_What to produce_
What is needed here is an exact repetition of the records below, beginning at the line that has "Manufactory Apparel Physical" and stopping after the line that has "Apple's new $19".

== Records shown

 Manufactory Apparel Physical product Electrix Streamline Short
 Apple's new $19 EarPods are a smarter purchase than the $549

====
== Records shown

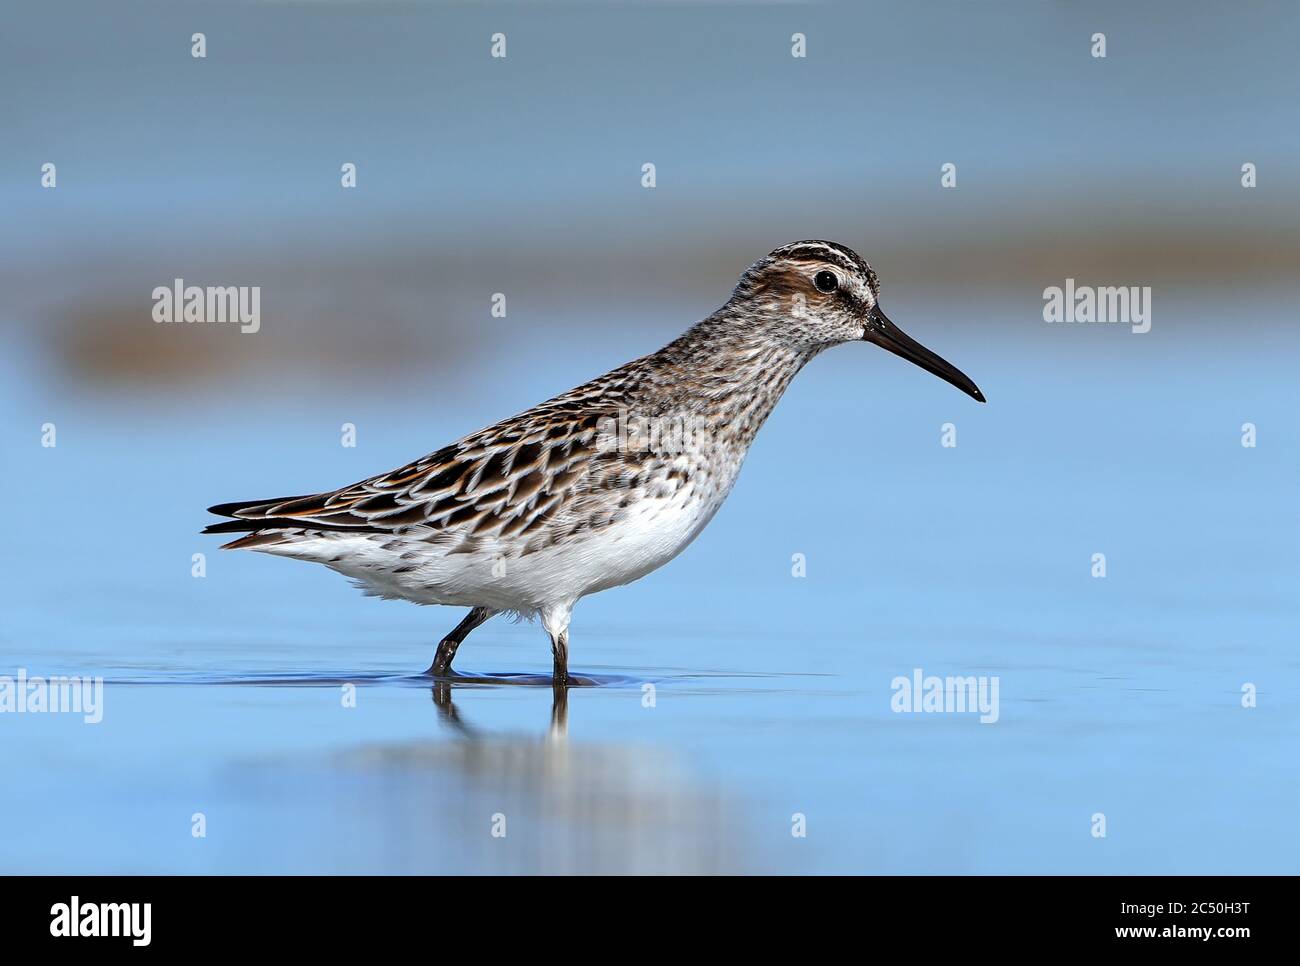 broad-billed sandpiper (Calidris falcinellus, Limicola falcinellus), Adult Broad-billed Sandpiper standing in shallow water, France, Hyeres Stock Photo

====

_Reply_
 Manufactory Apparel Physical product Electrix Streamline Short
 Apple's new $19 EarPods are a smarter purchase than the $549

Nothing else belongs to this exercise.